Tribute to Mark Grosset by Michel Puech in La lettre de la photographie 2011 sept.
Five years ago, during one of the evening screenings at Campo Santo, Jean-François Leroy gave a very emotional tribute to his friend Mark Grosset, who died too young, at the age of 49 on August 14, 2006, tribute that deeply moved the “Visa pour l’image” company. Mark was one of the most fervent and most engaging of its supporters.
He was also my friend. Friend whom I often called by his two true legal first names: Mark Spencer Grosset. He would laugh when I did that. When I spoke to Jean-Jacques Naudet about my idea of writing a tribute to Mark, he replied, “But not serious memories. They are too painful.” He is right, but then what?
“I remember hearing him speak about his photo discoveries one afternoon in Moscow followed by an epic night with Jean-François Leroy in a Moscow nightclub,” Naudet went on.

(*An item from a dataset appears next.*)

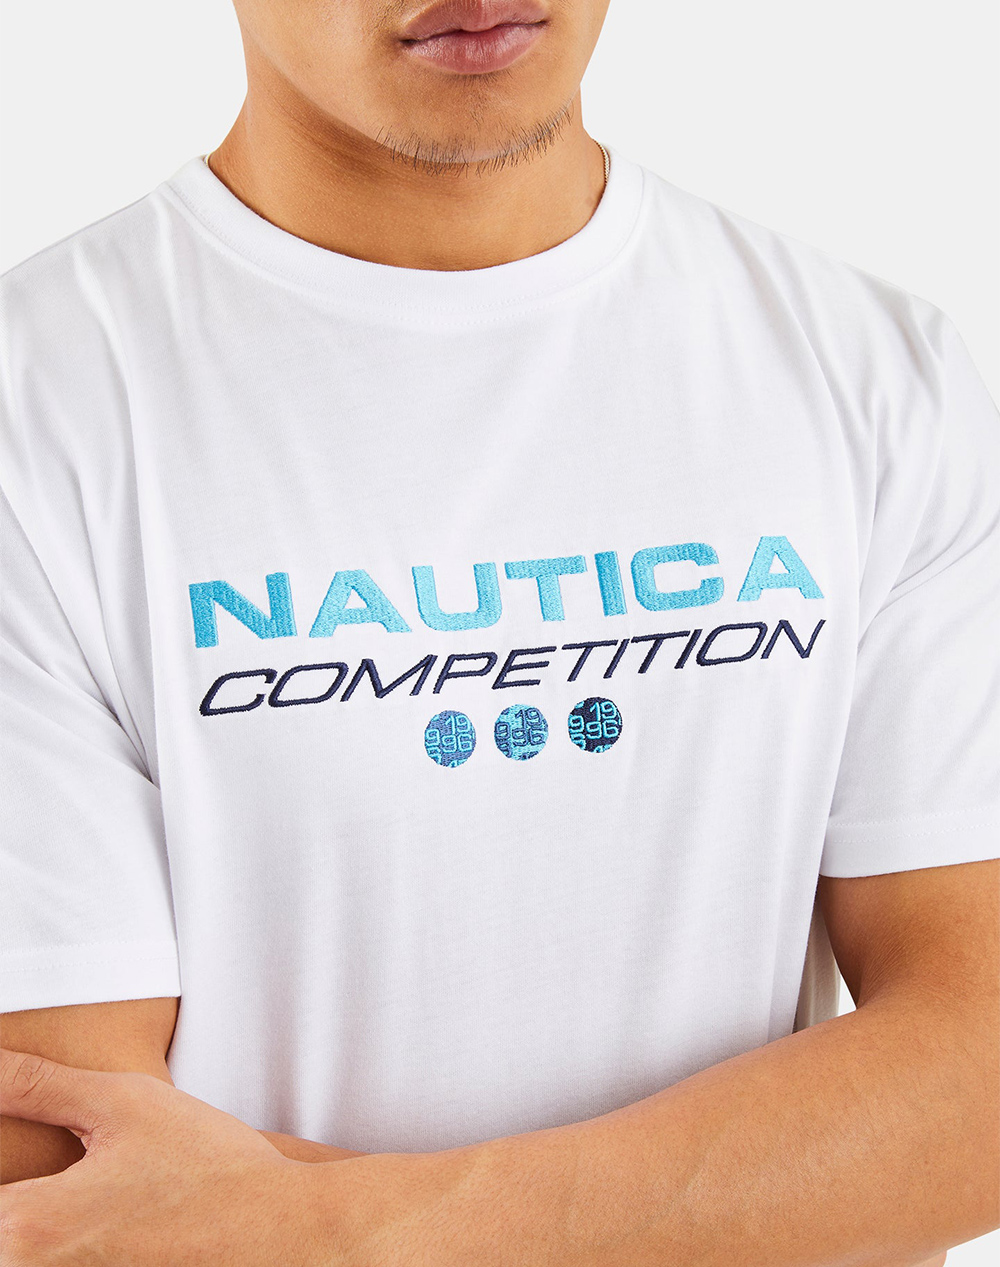 NAUTICA T-SHIRT SS Dane T-Shirt

Jean-François Leroy who was also his friend told me, “What do you want me to say? Whatever I’d be able to say would be too funny for words.” And indeed, it has to be said that the two of them knew how to live it up, as a few photographs prove. Claudine Grosset, Mark’s wife, gave me one to accompany this piece…the only one publishable!
You’ll have to get used to having hangovers. You will have to drink toasts to my health every time,” Mark wrote me just six weeks before he died, although he was still assuring me that “he would come to Visa only for two or three days….”

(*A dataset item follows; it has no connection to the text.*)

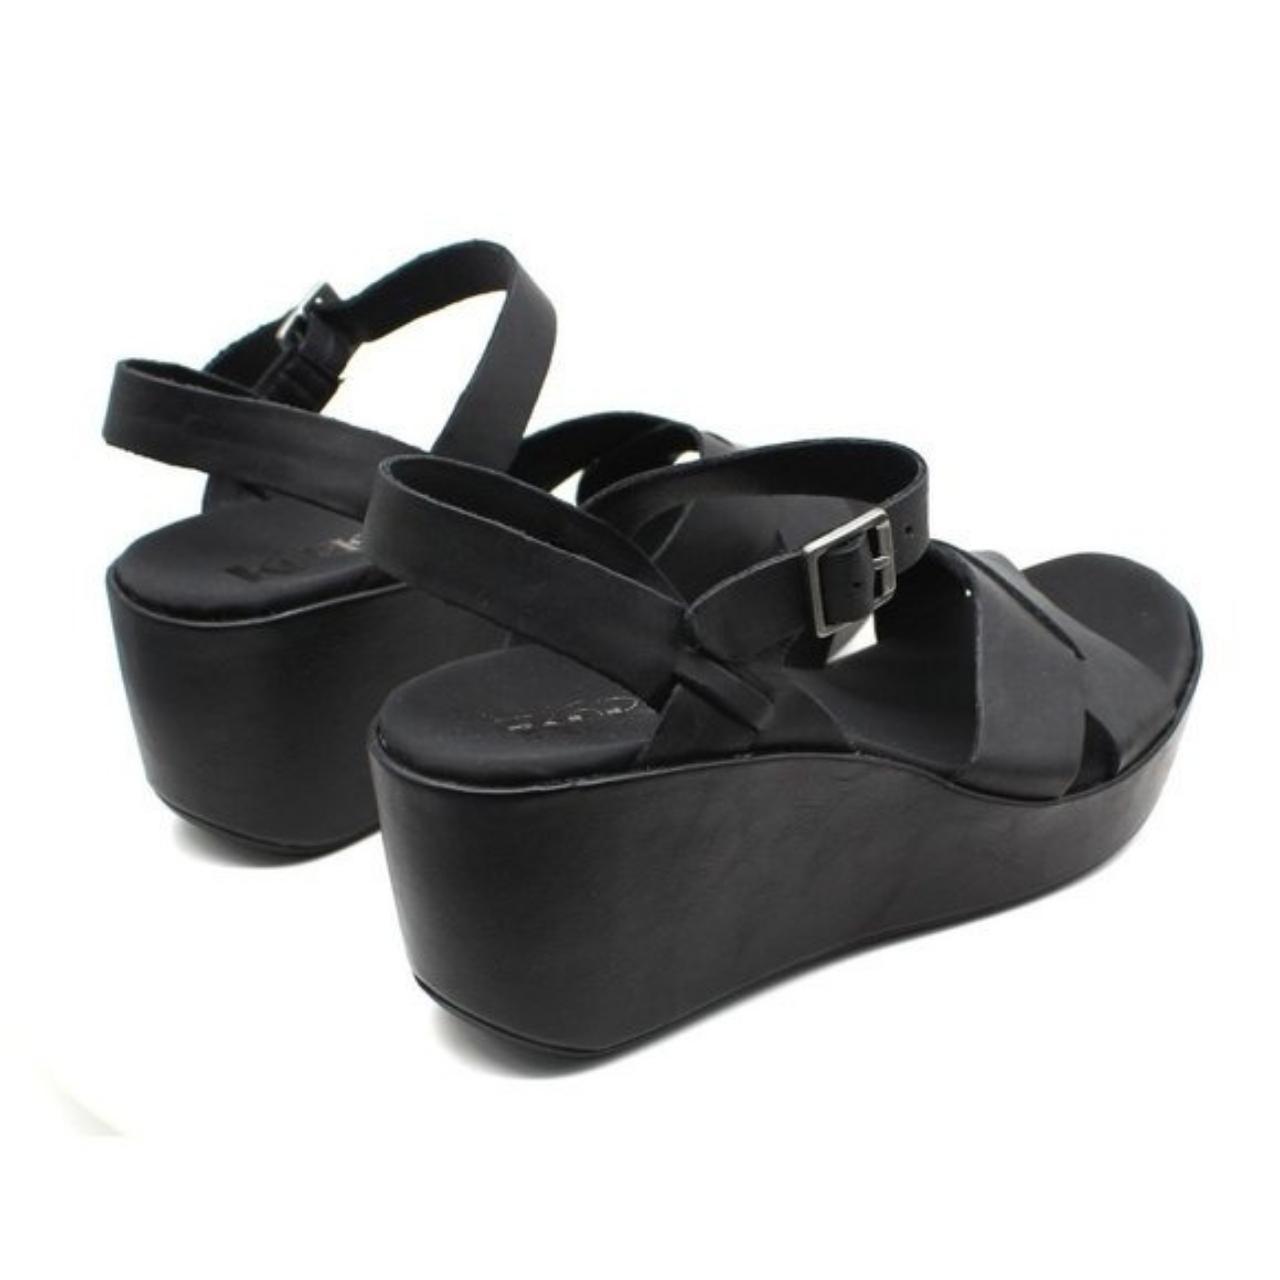 Product Image 2 - Korks Women's Denica Sandals Women's

Mark viewed those who gave compliments with a lot of amusement. “It’s like book dedications…” he added, winking at me as he handed me his Khaldei, un photoreporter en Union soviétique. (Khaldei, a photo reporter in the Soviet Union).

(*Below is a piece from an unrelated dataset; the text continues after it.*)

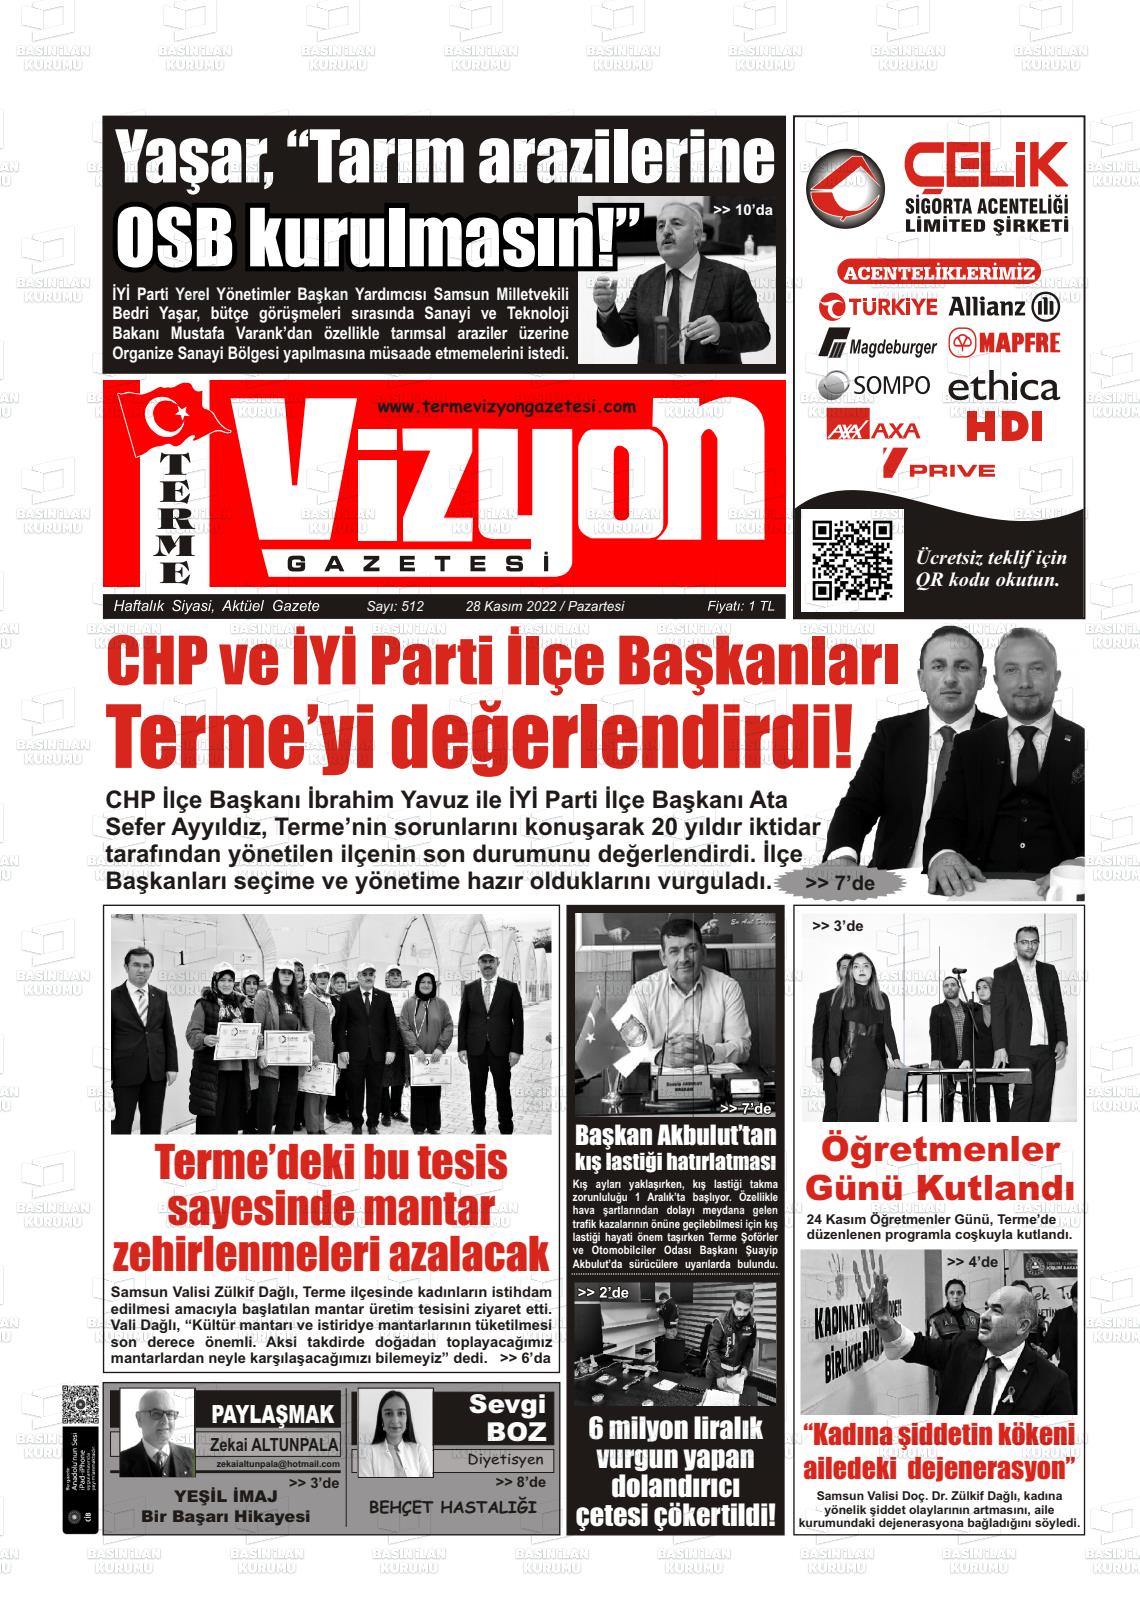 28 Kasım 2022 Terme Vizyon Gazete Manşeti

So I’ve decided to forego personal testimonies, preferring instead to include some photographs from his family. I will only quote Goksin Sipahioglu: “When he was young and inexperienced, his father (Ed. Raymond Grosset, director of Rapho) asked me if there might be a position with us for his son so he could learn the profession of photojournalist. I hired Mark as a picture researcher when Sipa Press was still at 14 rue Roquépine. He was efficient and his ambitions were the good ones. His kindness to everyone made him loved and respected by all his colleagues.”
After that, Mark was at Imapress, until his mother, Barbara Grosset, made the same request to my associate Philippe Charliat at La Compagnie des Reporters. It was during long smoke-filled evenings with plenty to drink that we became friends.
Friends, and then competitors when he created Black Star France with a group of photographers who were already photo journalism stars. Then he joined his sister Kathleen Grosset at the head of Rapho Agency which his father was leaving.
When the group HFM (Hachette Filipacchi Médias), who bought the agencies Rapho and Top among others, dispensed with his services, he told me, “It’s great. These people throw you out with a check and a big cigar in your mouth. I wish you could have been there to see it.” One can’t be everywhere. However, we were together at the emotional moment when he closed the door of the agency, rue d’Alger “for the last time.” It was a little delicate for we were in a state which for decency’s sake I can’t divulge.
Already ill, he began a race against the clock to publish, after his biography of Khaldei, a retrospective of the works and the crimes of Stalin. I could quote a hundred personal testimonies about Mark Spencer Grosset’s professional qualities and his too short career but I’m going to leave the final word to the representative of the leader of the market, Aidan Sullian from Getty Images: “Our business attracts extraordinary people, devoted, intelligent, passionate and tremendously nice. Mark was all that and more and he is sorely missed.”
I would simply add that he is especially missed by young photographers to whom he was generous with his time and his advice.